The whole listing, please: repeat it exactly, with the pictures left out.

• _SUPPLIED DATA_
● ● ●

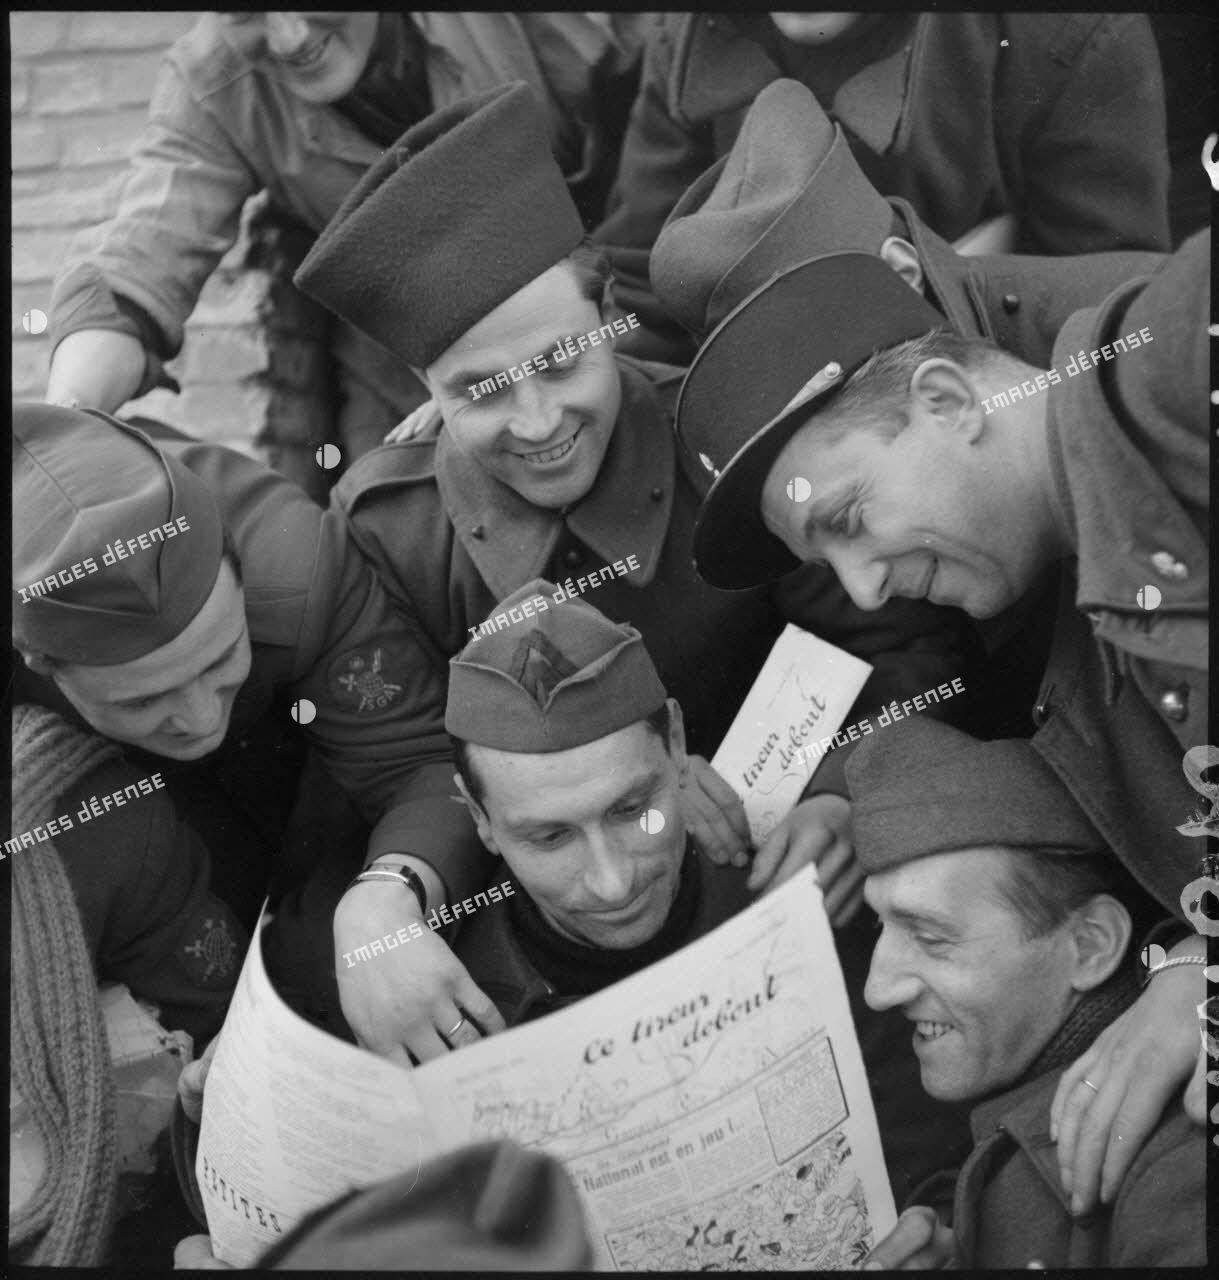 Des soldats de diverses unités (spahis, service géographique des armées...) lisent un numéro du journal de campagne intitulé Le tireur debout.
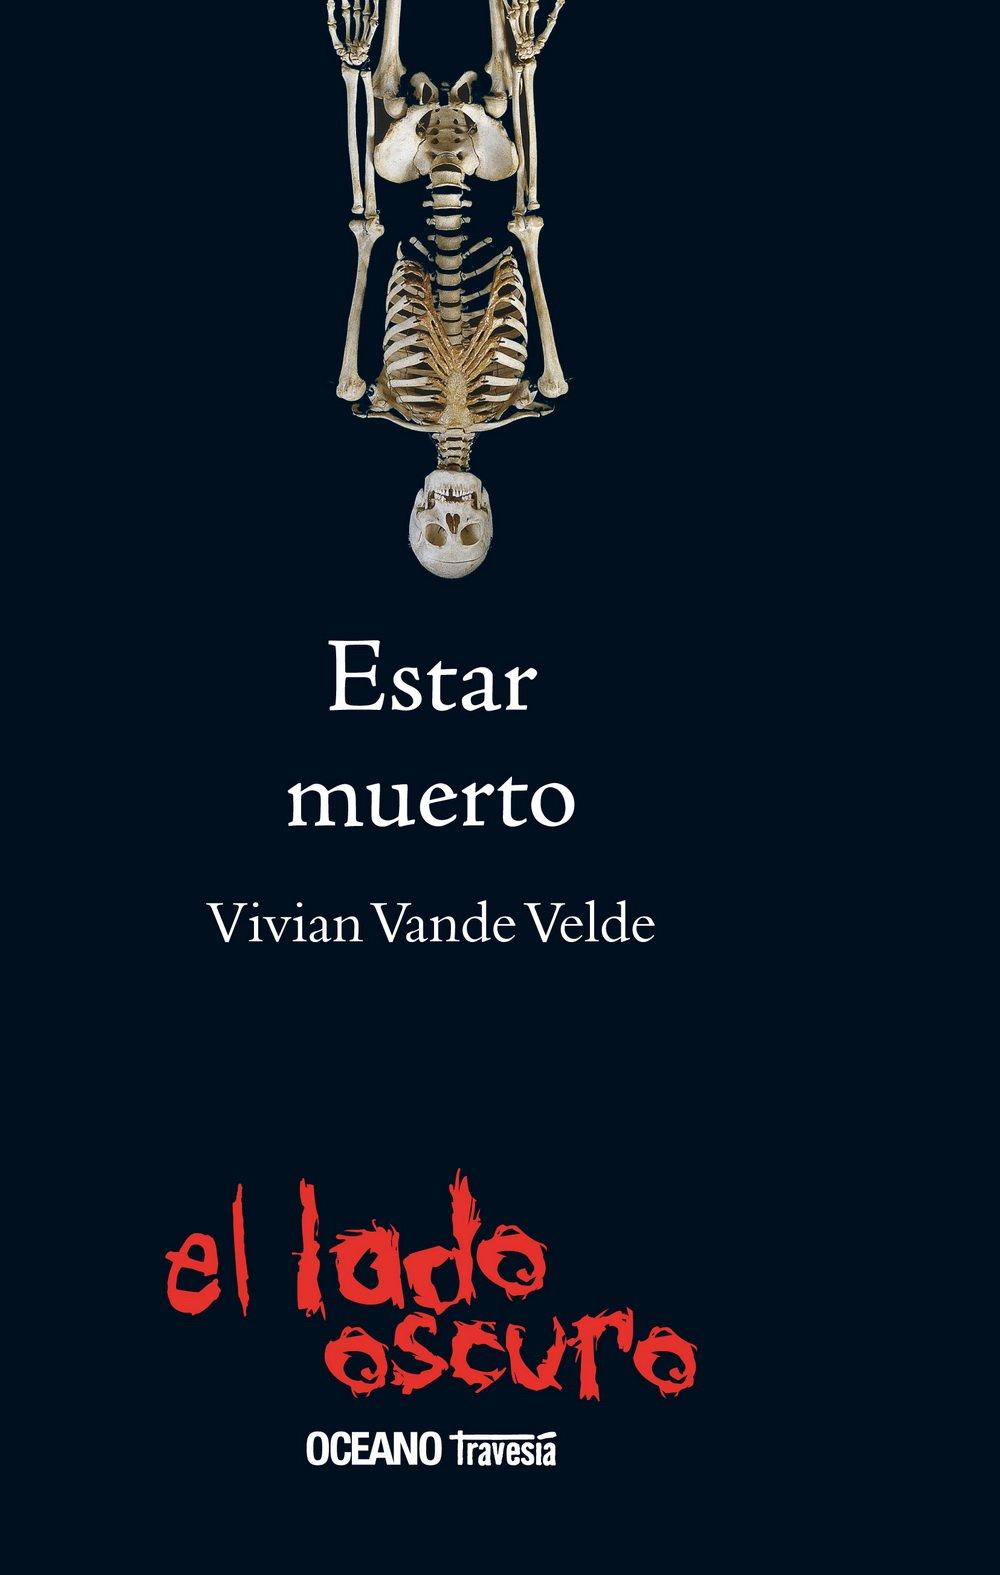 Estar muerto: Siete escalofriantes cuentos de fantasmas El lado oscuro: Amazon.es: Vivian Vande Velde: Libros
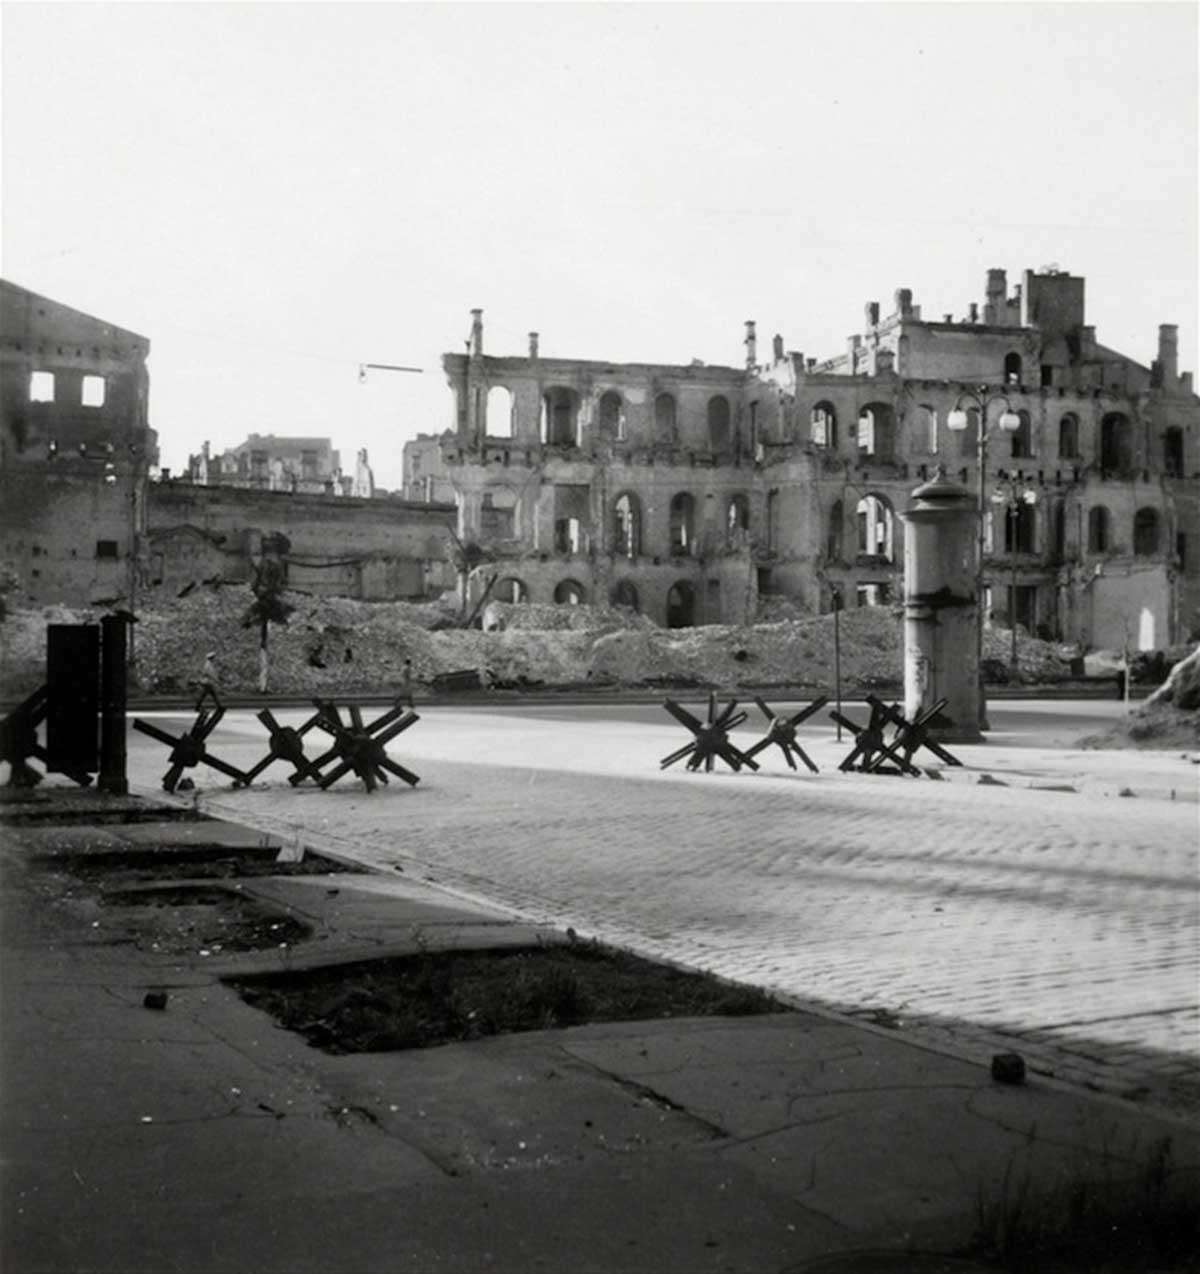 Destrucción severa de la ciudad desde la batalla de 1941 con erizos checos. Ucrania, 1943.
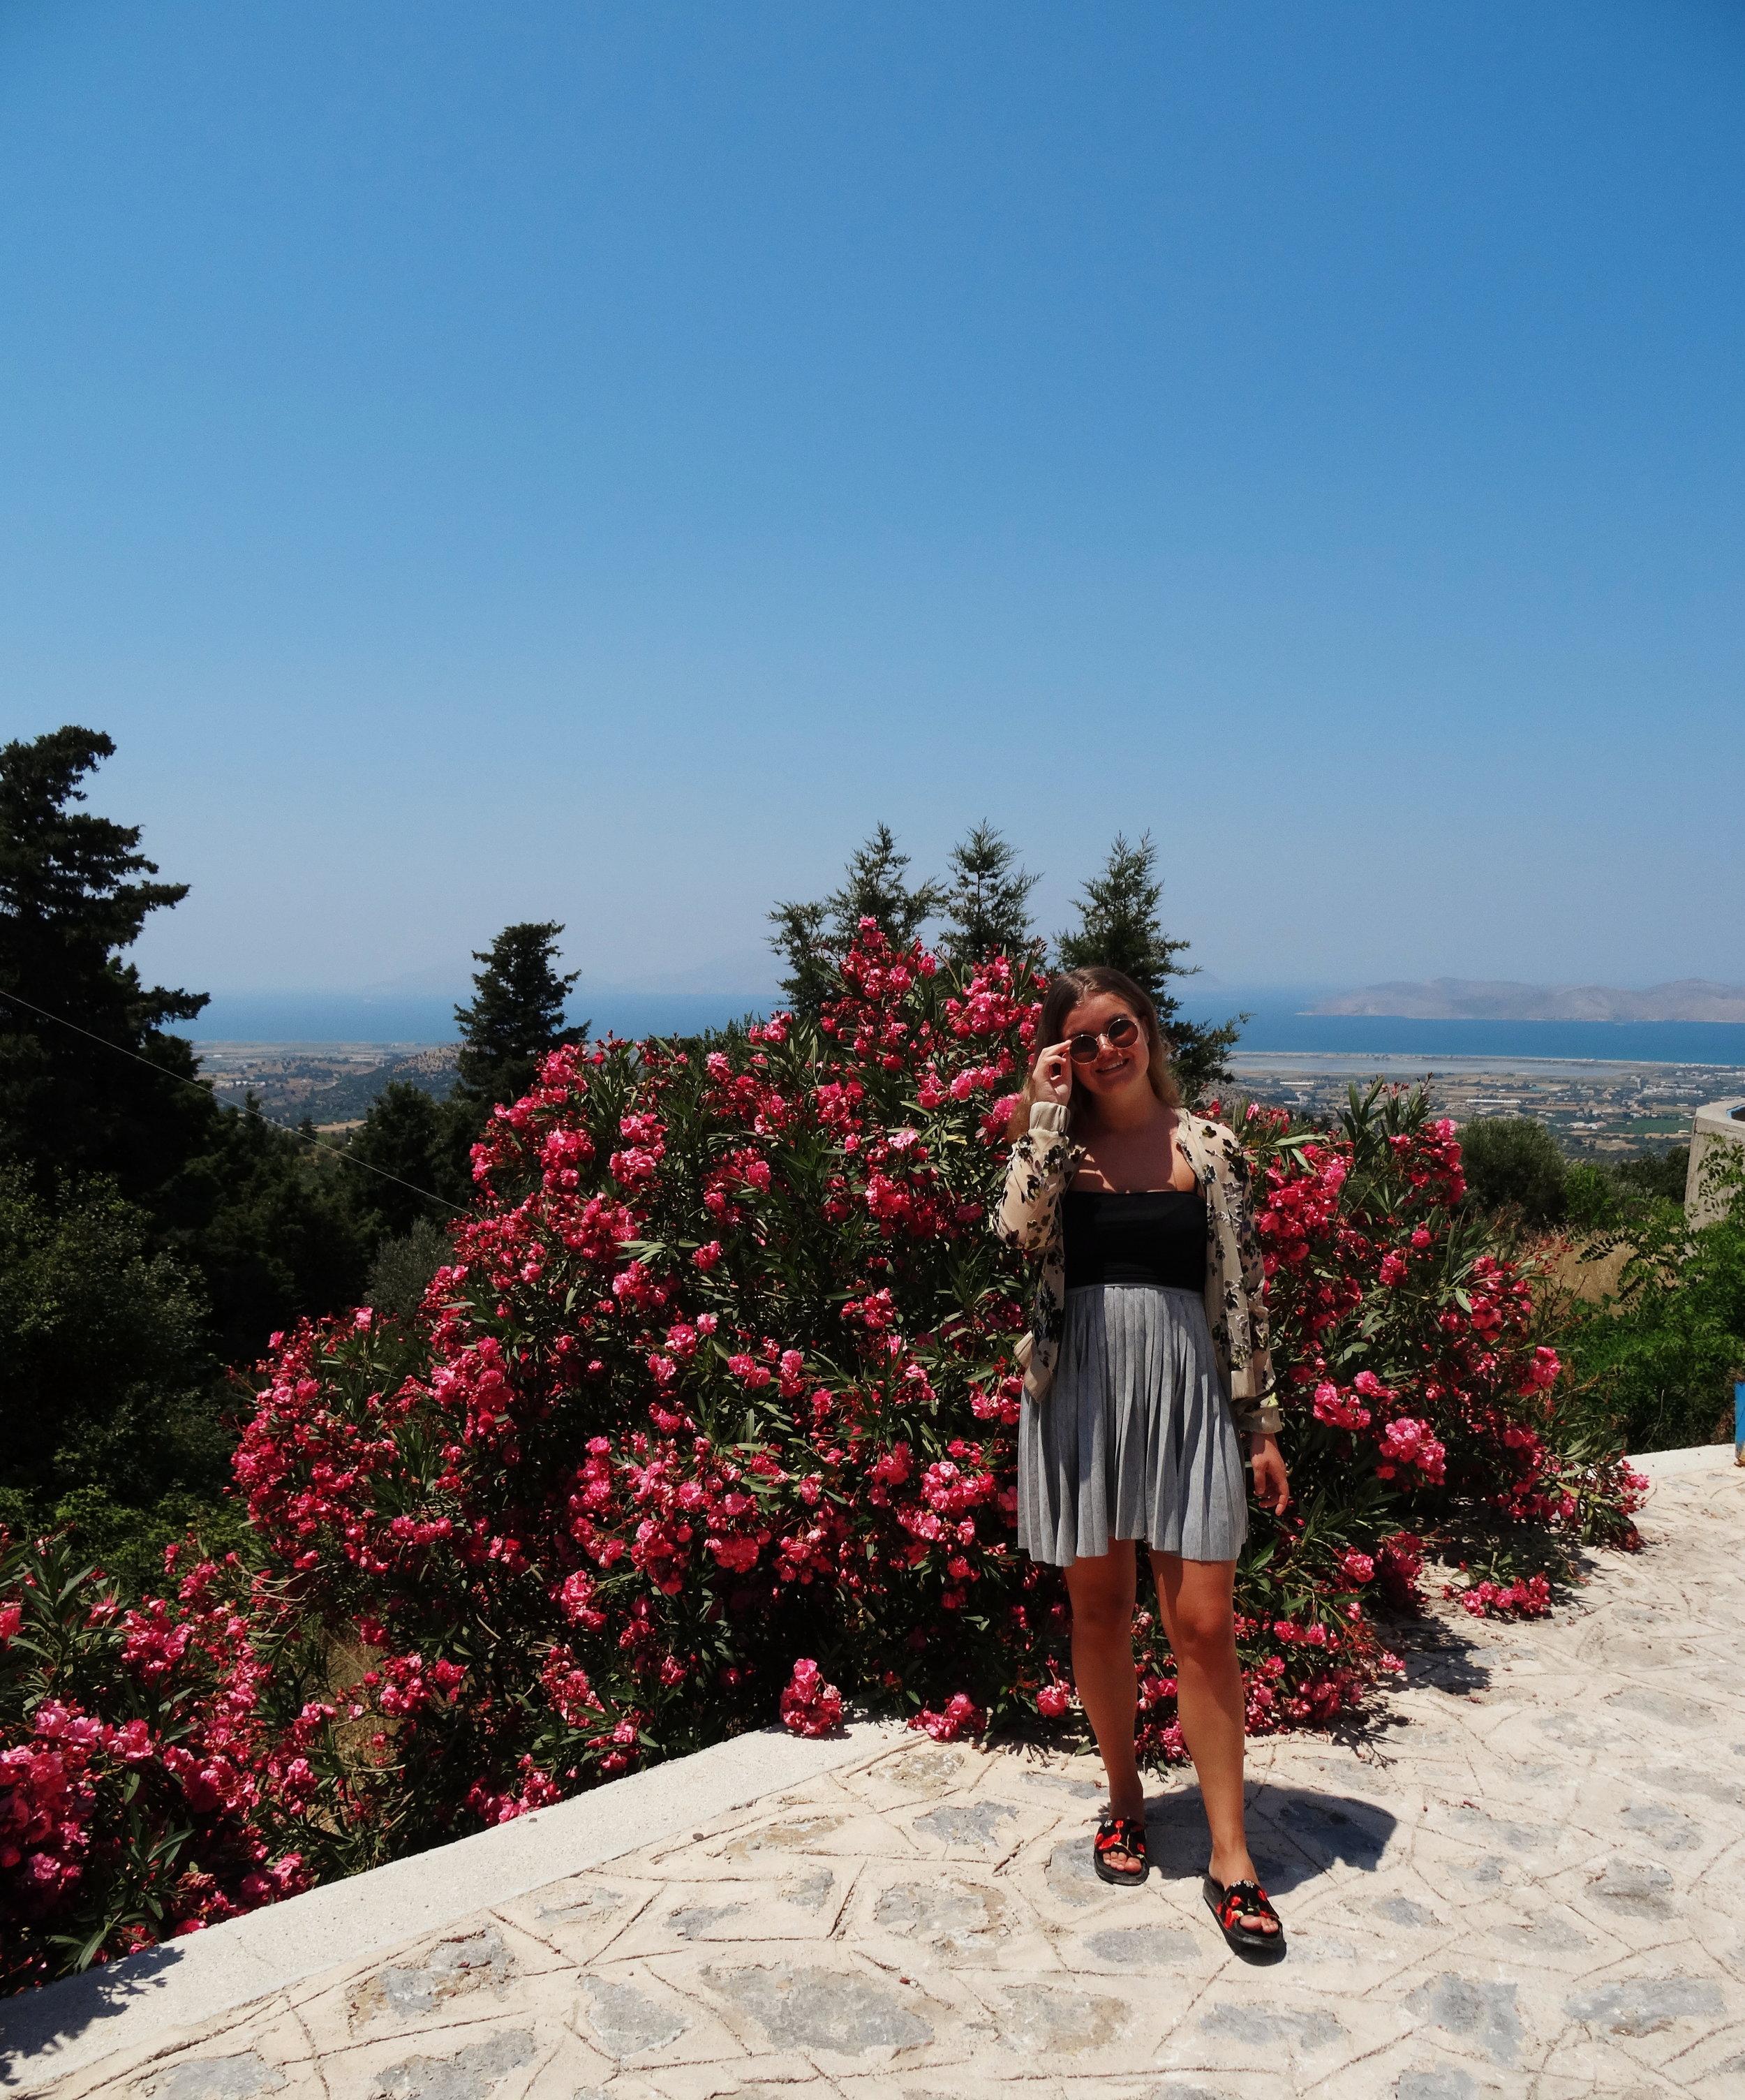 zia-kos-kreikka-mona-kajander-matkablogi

● ● ●

• _RESULT OF THIS TASK_
 Des soldats de diverses unités (spahis, service géographique des armées...) lisent un numéro du journal de campagne intitulé Le tireur debout.
 Estar muerto: Siete escalofriantes cuentos de fantasmas El lado oscuro: Amazon.es: Vivian Vande Velde: Libros
 Destrucción severa de la ciudad desde la batalla de 1941 con erizos checos. Ucrania, 1943.
 zia-kos-kreikka-mona-kajander-matkablogi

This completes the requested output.